Crashing in one way is not better than crashing in another way.

Christian.

>
>>> dmesg output:
>>> [54758.418036] kobject (00000000687a067d): tried to init an initialized object, something is seriously wrong.
>>> [54758.418040] CPU: 6 PID: 26746 Comm: insmod Tainted: G     U     OE     5.0.6-200.fc29.x86_64 #1
>>> [54758.418041] Hardware name: Dell Inc. XPS 15 9560/05FFDN, BIOS 1.12.1 10/02/2018
>>> [54758.418041] Call Trace:
>>> [54758.418049]  dump_stack+0x5c/0x80
>>> [54758.418054]  kobject_init.cold.9+0x31/0x3f
>>> [54758.418057]  kobject_init_and_add+0x35/0xa0
>>> [54758.418063]  ttm_mem_global_init+0x8f/0x2b0 [ttm]
>>> [54758.418067]  ? __debugfs_create_file+0xe1/0x110
>>> [54758.418071]  ttm_bo_device_init+0x198/0x2a0 [ttm]
>>> [54758.418144]  nouveau_ttm_init+0xbf/0x340 [nouveau]

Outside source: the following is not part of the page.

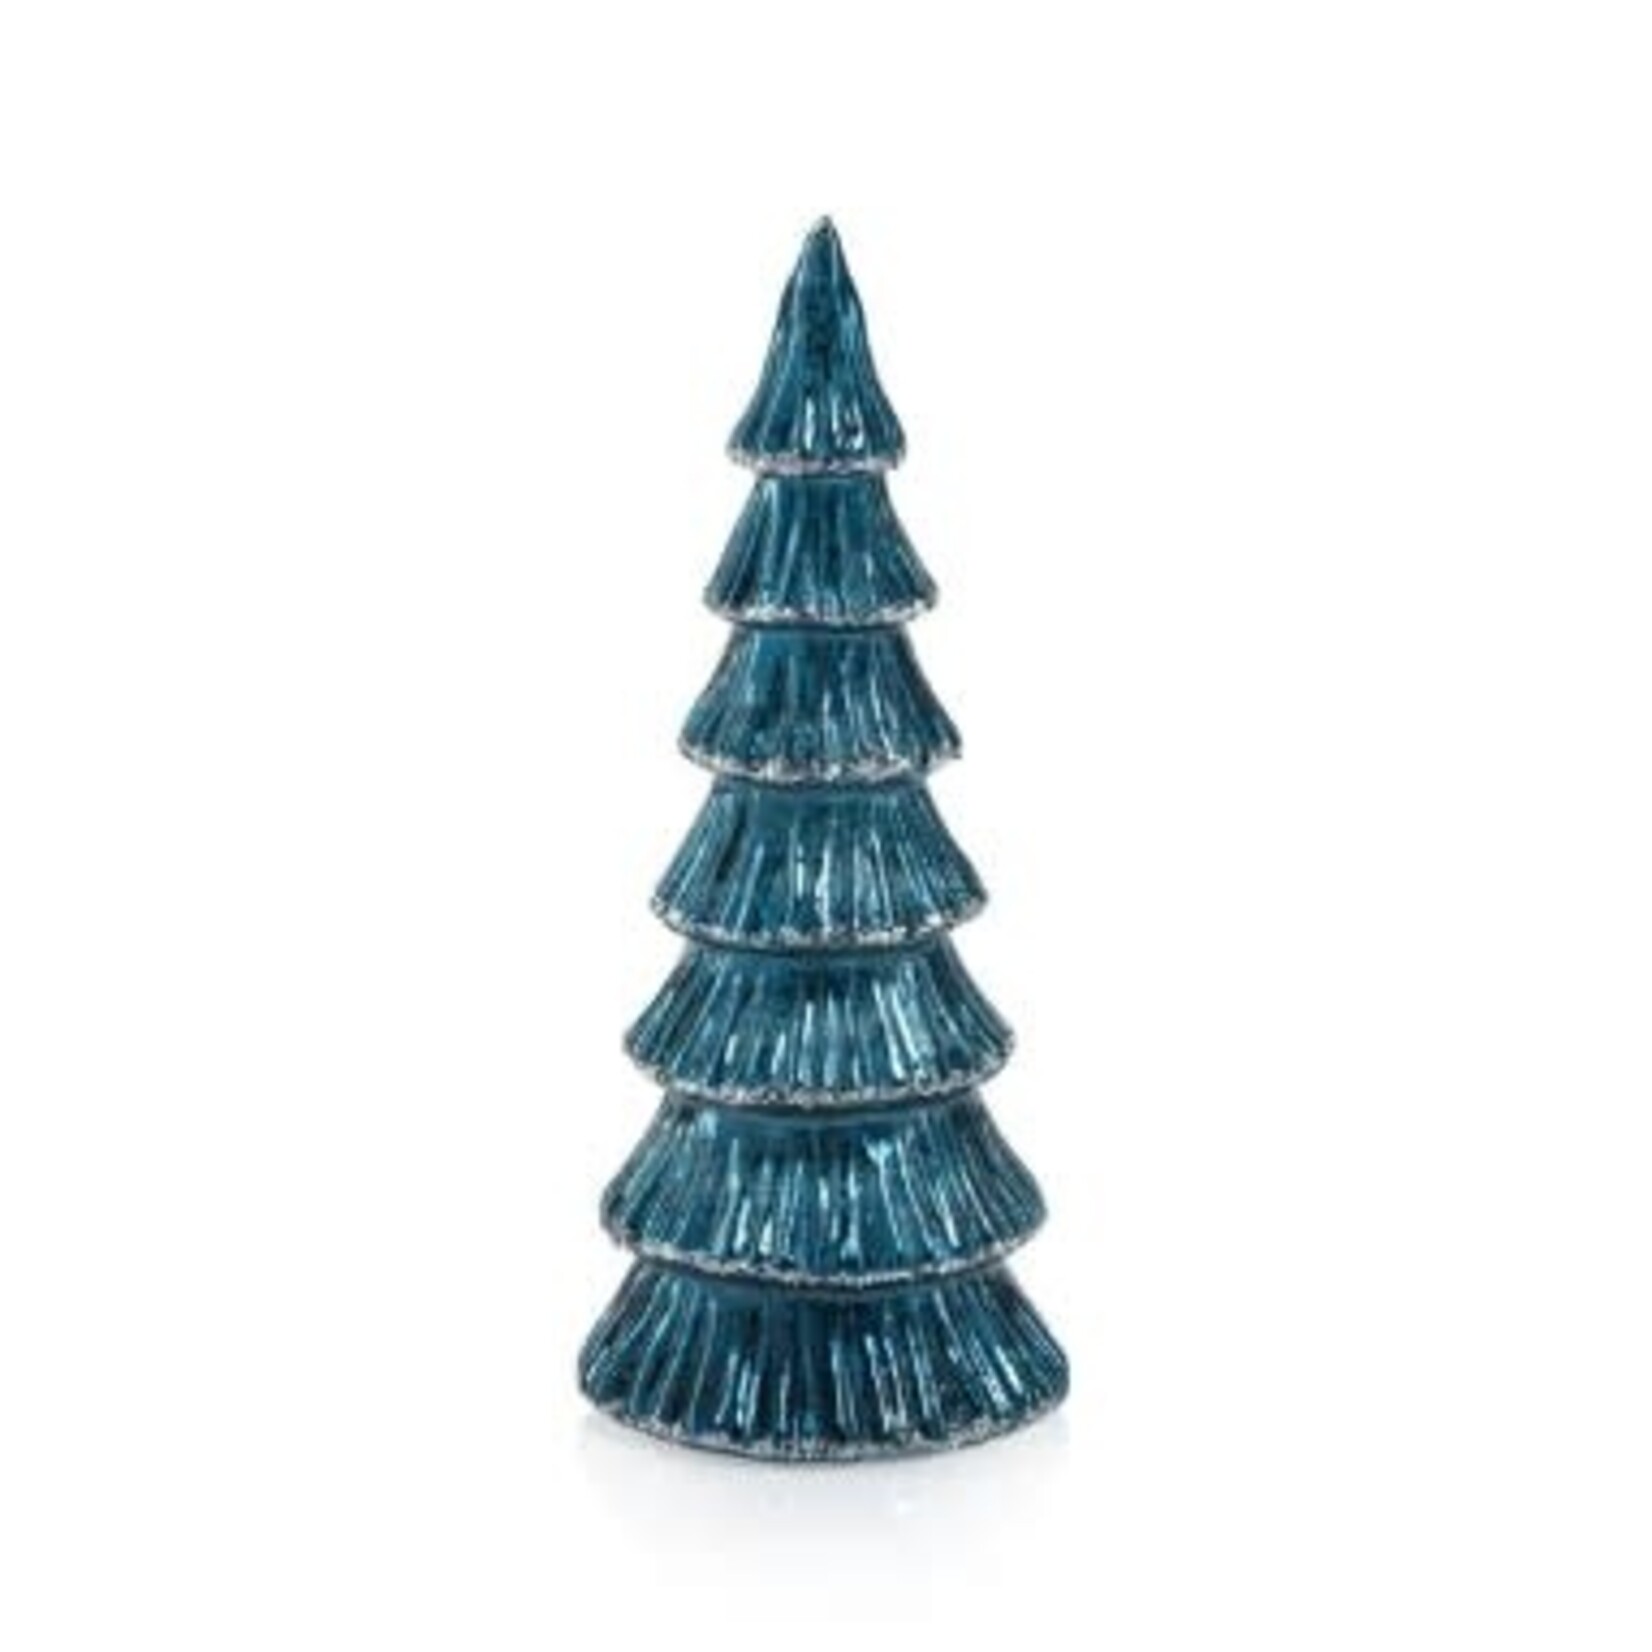 Zodax Verbier LED Glass Tree Blue with Silver Trim

>>> [54758.418206]  nouveau_drm_device_init+0x125/0x7d0 [nouveau]
>>> [54758.418210]  ? pci_bus_read_config_word+0x49/0x70
>>> [54758.418266]  nouveau_drm_probe+0x26f/0x2c0 [nouveau]

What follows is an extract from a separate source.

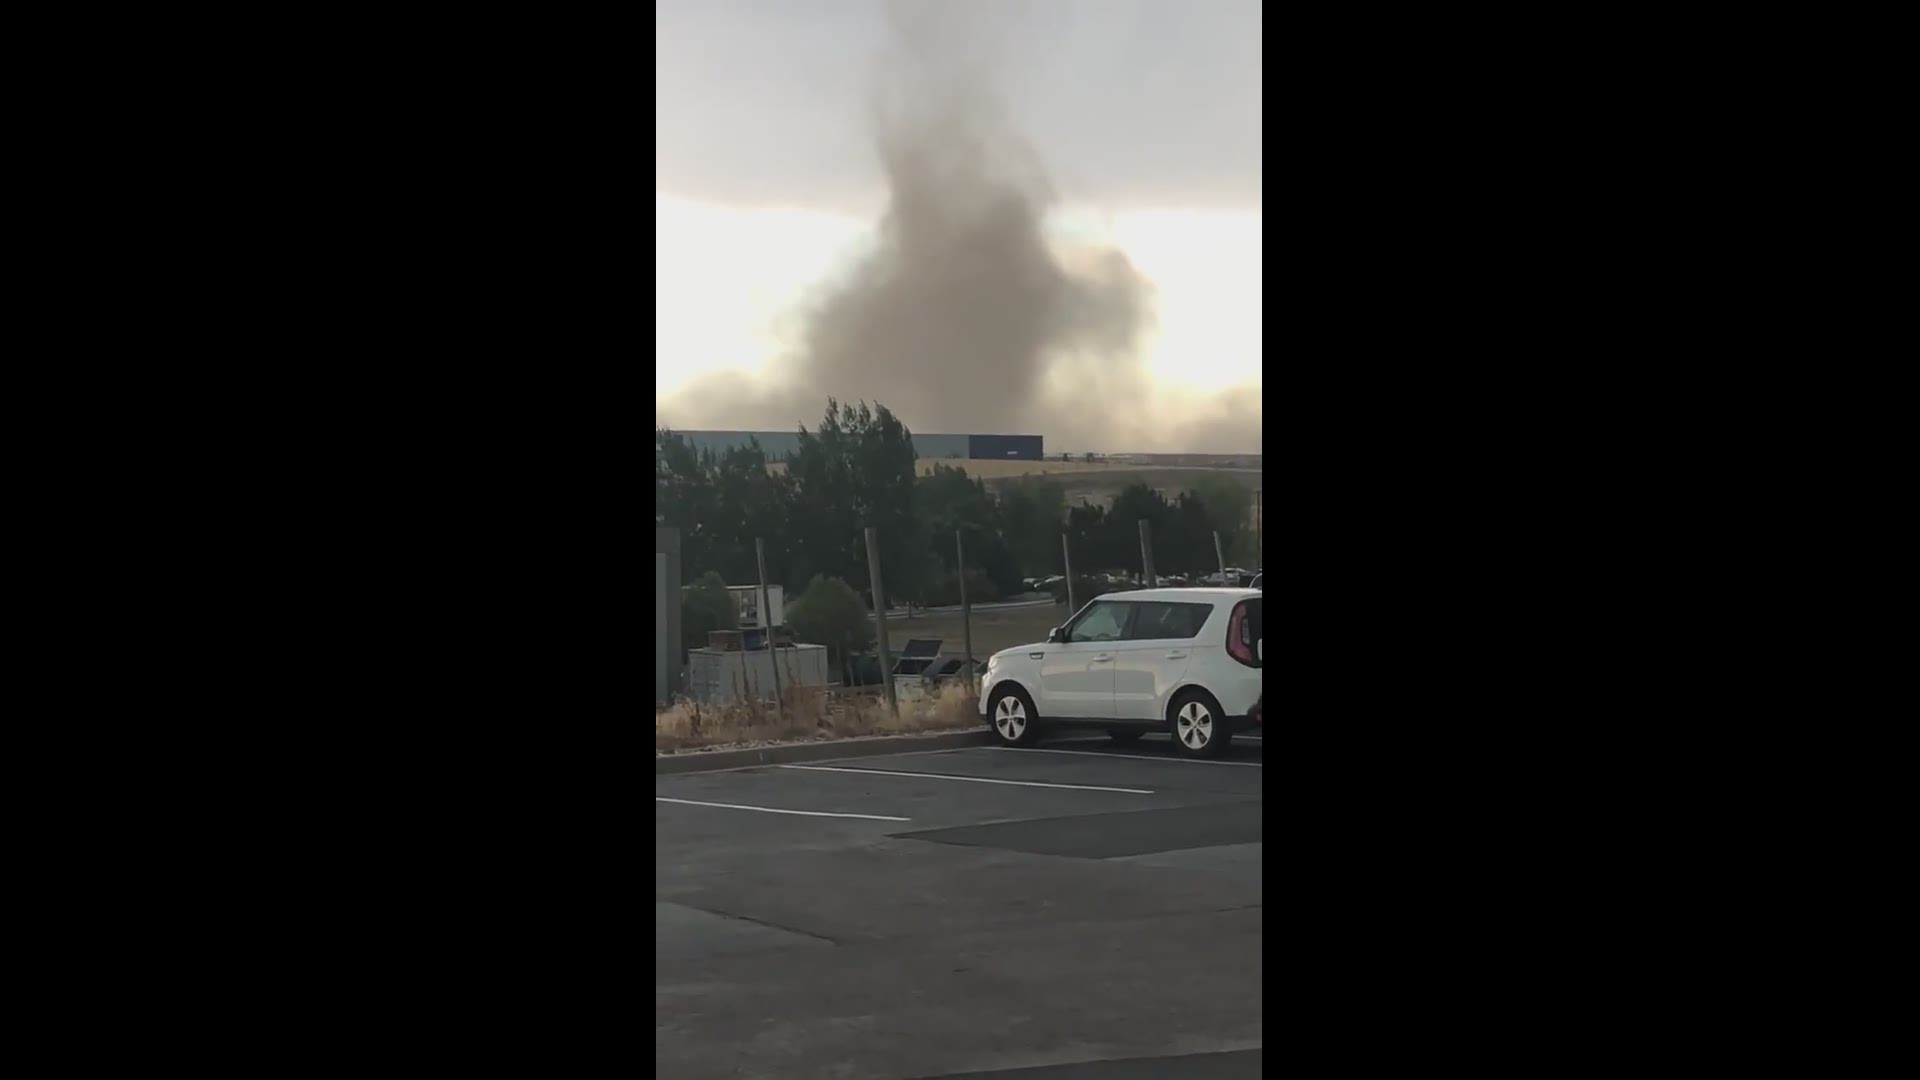 A rotating cloud of dust was spotted near Centennial Airport on Friday afternoon.

>>> [54758.418270]  local_pci_probe+0x41/0x90
>>> [54758.418272]  pci_device_probe+0x118/0x1a0
>>> [54758.418275]  really_probe+0xf8/0x3b0
>>> [54758.418277]  driver_probe_device+0xb3/0xf0
>>> [54758.418278]  __driver_attach+0xdd/0x110
>>> [54758.418280]  ? driver_probe_device+0xf0/0xf0
>>> [54758.418282]  bus_for_each_dev+0x77/0xc0
>>> [54758.418285]  ? klist_add_tail+0x3b/0x60
>>> [54758.418287]  bus_add_driver+0x152/0x230
>>> [54758.418288]  ? 0xffffffffc1027000
>>> [54758.418290]  driver_register+0x6b/0xb0
>>> [54758.418291]  ? 0xffffffffc1027000
>>> [54758.418294]  do_one_initcall+0x46/0x1c3
>>> [54758.418296]  ? _cond_resched+0x15/0x30
>>> [54758.418299]  ? kmem_cache_alloc_trace+0x154/0x1d0
>>> [54758.418302]  do_init_module+0x5a/0x210
>>> [54758.418304]  load_module+0x2096/0x22d0
>>> [54758.418308]  ? ima_post_read_file+0xf4/0x100
>>> [54758.418310]  ? __do_sys_finit_module+0xa8/0x110
>>> [54758.418312]  __do_sys_finit_module+0xa8/0x110
>>> [54758.418315]  do_syscall_64+0x5b/0x160
>>> [54758.418317]  entry_SYSCALL_64_after_hwframe+0x44/0xa9
>>> [54758.418319] RIP: 0033:0x7fc0b38b6edd
>>> [54758.418321] Code: 00 c3 66 2e 0f 1f 84 00 00 00 00 00 90 f3 0f 1e fa 48 89 f8 48 89 f7 48 89 d6 48 89 ca 4d 89 c2 4d 89 c8 4c 8b 4c 24 08 0f 05 <48> 3d 01 f0 ff ff 73 01 c3 48 8b 0d 7b 7f 0c 00 f7 d8 64 89 01 48
>>> [54758.418322] RSP: 002b:00007ffc7f1620d8 EFLAGS: 00000246 ORIG_RAX: 0000000000000139
>>> [54758.418323] RAX: ffffffffffffffda RBX: 00005629a3996ac0 RCX: 00007fc0b38b6edd
>>> [54758.418324] RDX: 0000000000000000 RSI: 00005629a3996260 RDI: 0000000000000003
>>> [54758.418325] RBP: 00005629a3996260 R08: 0000000000000000 R09: 0000000000000000
>>> [54758.418326] R10: 0000000000000003 R11: 0000000000000246 R12: 0000000000000000
>>> [54758.418326] R13: 00005629a3996a80 R14: 0000000000000000 R15: 00005629a3996260
>>> [54758.418346] BUG: unable to handle kernel paging request at 00000004ee194700
>>> [54758.418348] #PF error: [WRITE]
>>> [54758.418349] PGD 0 P4D 0
>>> [54758.418352] Oops: 0002 [#1] SMP PTI
>>> [54758.418354] CPU: 6 PID: 26746 Comm: insmod Tainted: G     U     OE     5.0.6-200.fc29.x86_64 #1
>>> [54758.418355] Hardware name: Dell Inc. XPS 15 9560/05FFDN, BIOS 1.12.1 10/02/2018
>>> [54758.418360] RIP: 0010:ttm_mem_global_init+0x1fe/0x2b0 [ttm]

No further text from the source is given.